I rode Trash Truck Monday and I'm embarrassed to say I don't know where the second pic was taken. Wait a second, is it on the way to the observatory? The sandy stretch???:idea:


----------



## roadfix

il sogno said:


> Hey, I'm not a guy!


Oops....sorry! Have we met?


----------



## roadfix

Happytime said:


> Hi Lola. Hi Roadfix. I'm new here. Wanna go ride?

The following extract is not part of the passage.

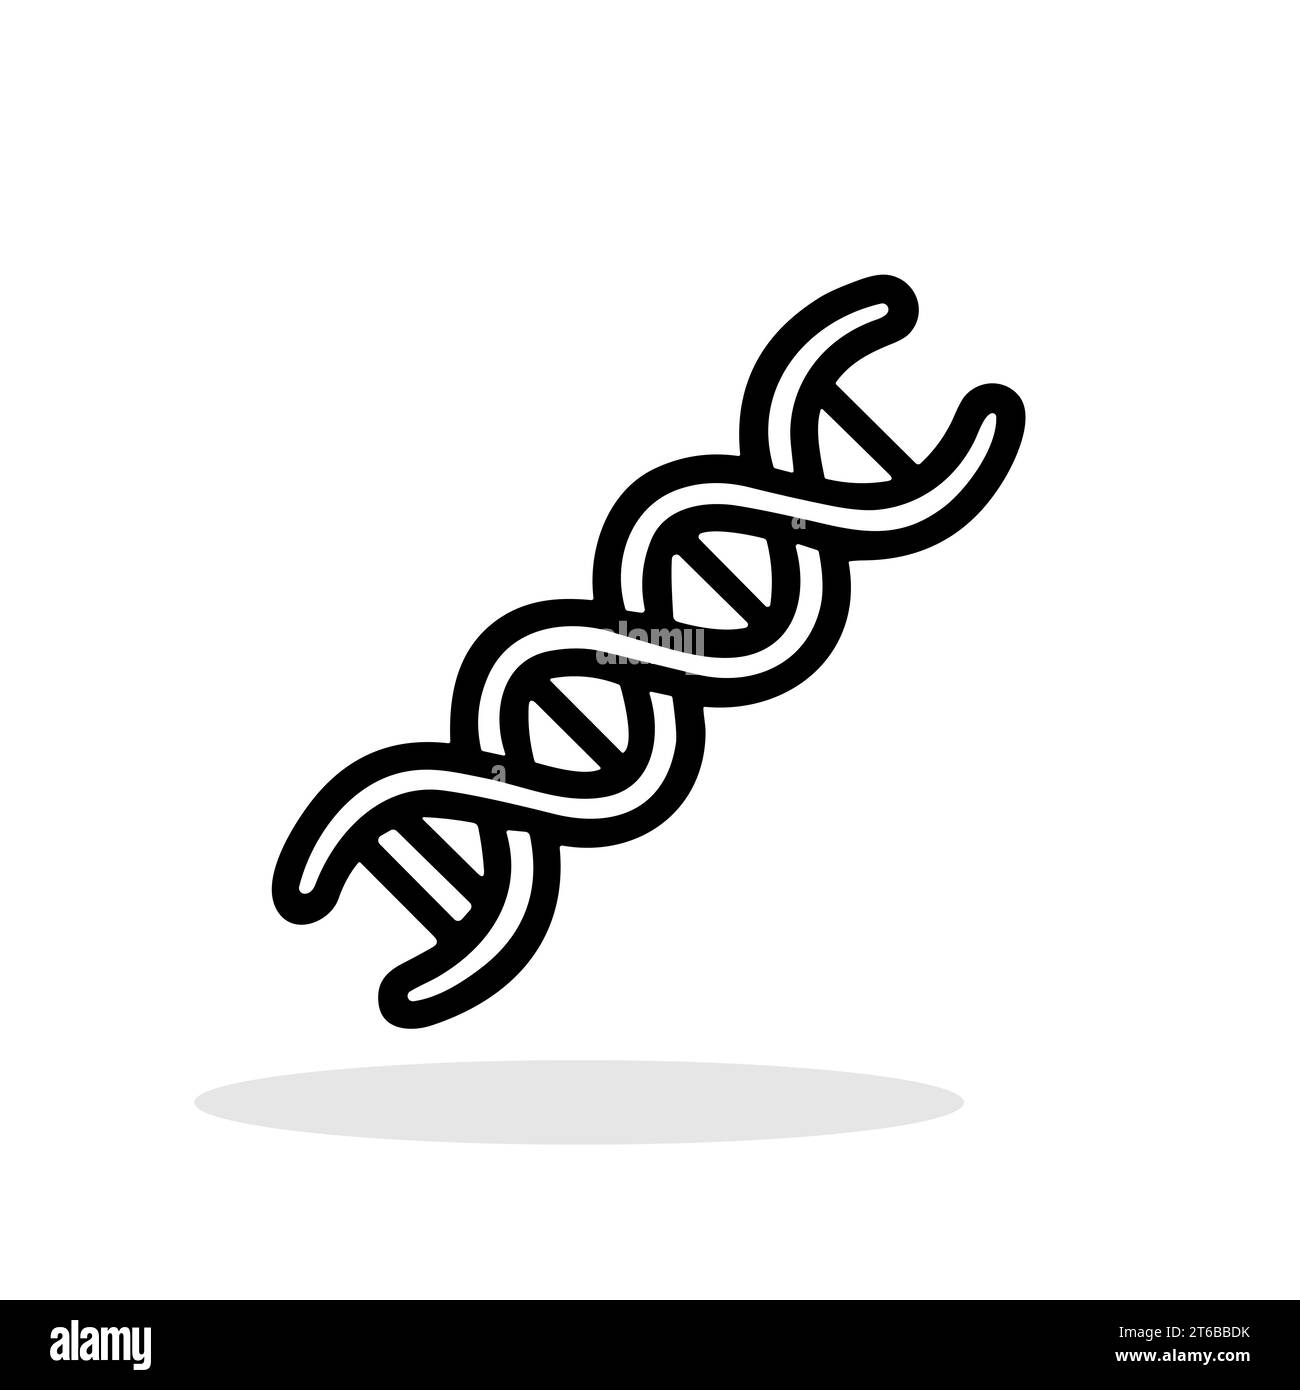 DNA strand icon. Black outline icon of a of DNA molecule structure. Vector illustration Stock Vector

Hello! You must be new too. Are you in LA?


----------



## il sogno

roadfix said:


> Oops....sorry! Have we met?


Just cyclists passing each other by in the bike lanes.


----------



## LolaLeatherHips

sounds like roadie guy gets around a lot. I like that in a man. :thumbsup:


----------



## cwg_at_opc

il sogno said:


> I rode Trash Truck Monday and I'm embarrassed to say I don't know where the second pic was taken. Wait a second, is it on the way to the observatory? The sandy stretch???:idea:


the second pic is what we call the top of TT hill, right
past the turn to go up to the new water tower. i've only
every made it to the helipad, i think. now that i have
a bunch of miles under my belt, i think i can make it
to the top of Mt Hollywood(with some effort of course.)


----------



## LolaLeatherHips

cwg_at_opc said:


> the second pic is what we call the top of TT hill, right
> past the turn to go up to the new water tower. i've only
> every made it to the helipad, i think. now that i have
> a bunch of miles under my belt, i think i can make it
> to the top of Mt Hollywood(with some effort of course.)

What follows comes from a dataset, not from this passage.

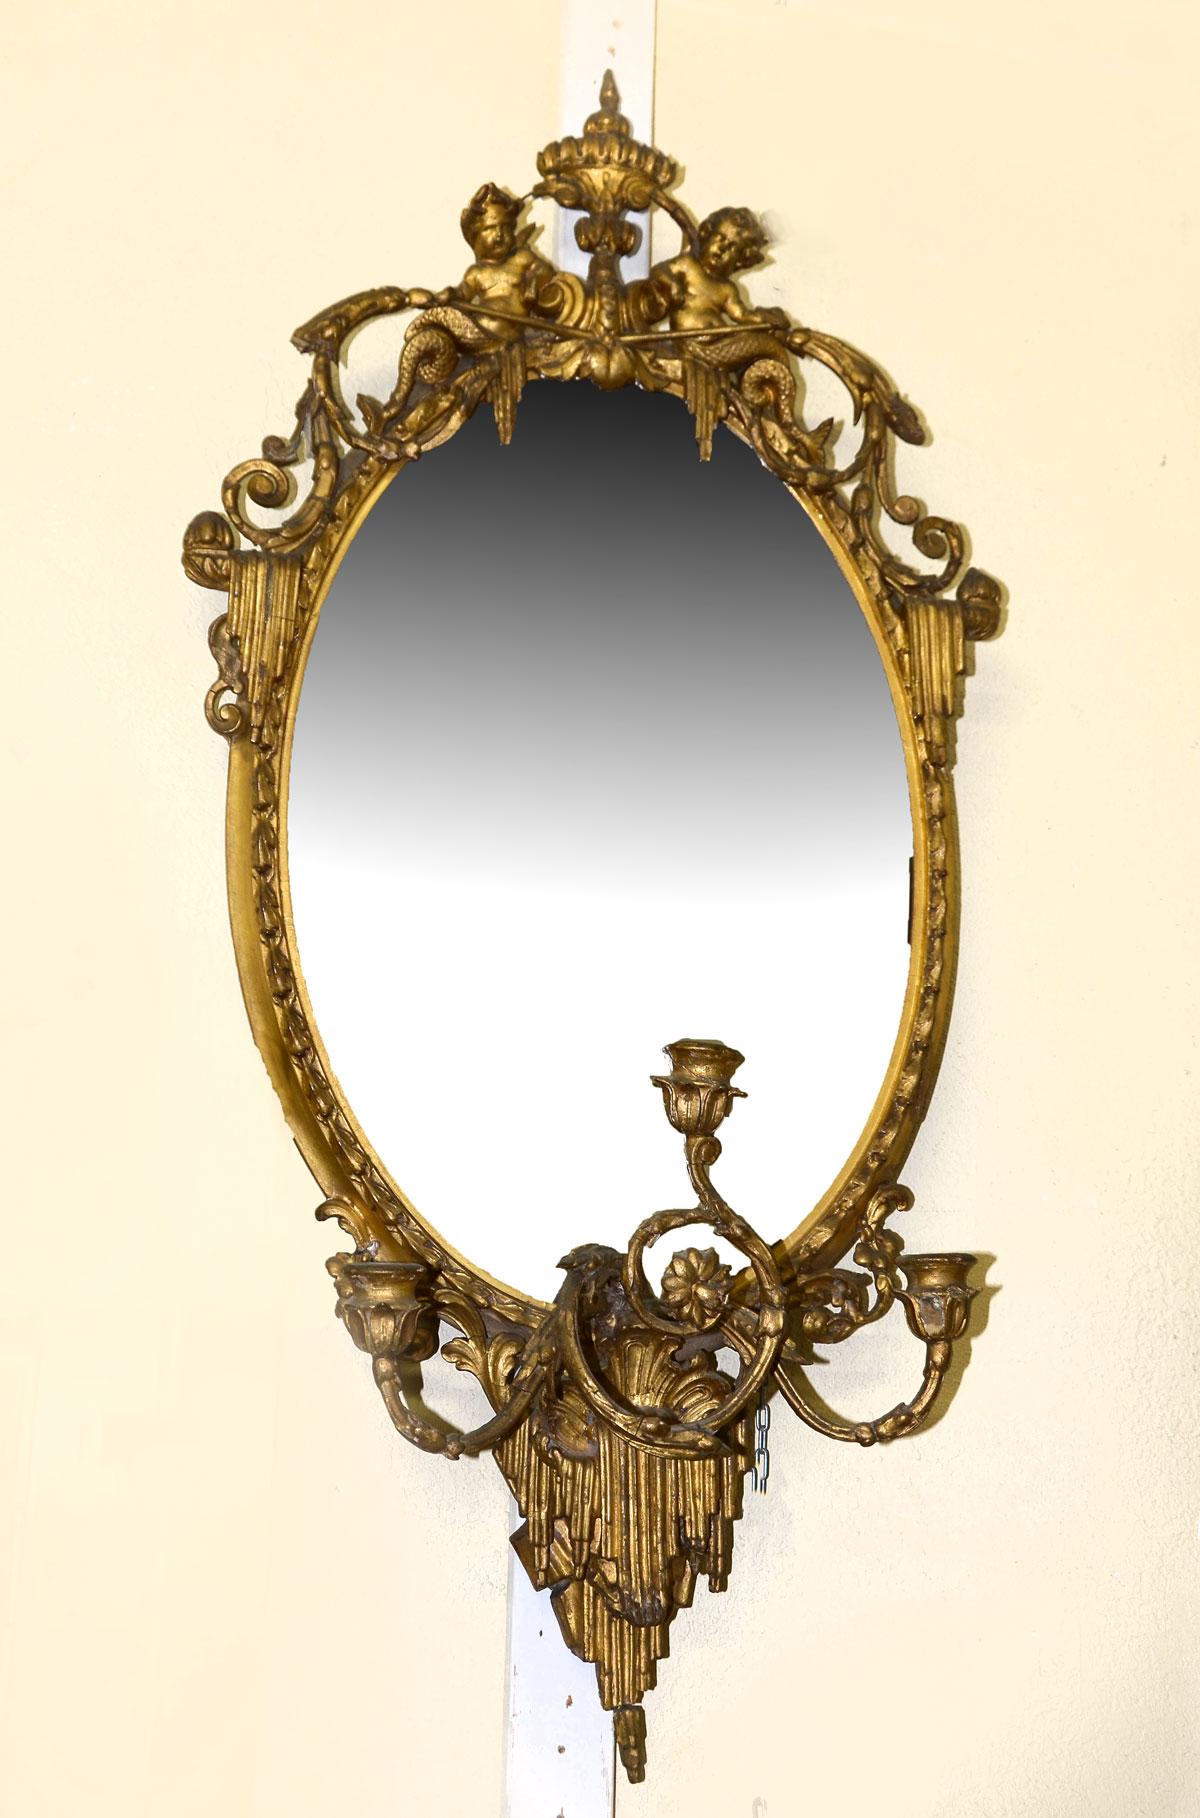 CARVED WALL MIRROR WITH CHERUBIC CREST:

you can do it. once up there you see it's doable. then you'll be riding the loop. Are all cnyns open now?


----------



## roadfix

Just hop over the gate at the top of TT hill. It's not that steep to the top. Nice scenery of the valley too before reaching the top. This was our night ride route ......pretty, but spooky....


----------



## LolaLeatherHips

:yikes: I can imagine it would be spooky up there at night. seen any ghosts?


----------



## roadfix

LolaLeatherHips said:


> :yikes: I can imagine it would be spooky up there at night. seen any ghosts?


Why, do you want to find out?


----------



## LolaLeatherHips

roadfix said:


> Why, do you want to find out?


you going to scare me?


----------



## roadfix

LolaLeatherHips said:


> you going to scare me?


you mean on the bike?


----------



## LolaLeatherHips

roadfix said:


> you mean on the bike?


you mean off?  you sound like a funny guy. when do you want to scare me?


----------



## roadfix

LolaLeatherHips said:


> you mean off?  you sound like a funny guy. when do you want to scare me?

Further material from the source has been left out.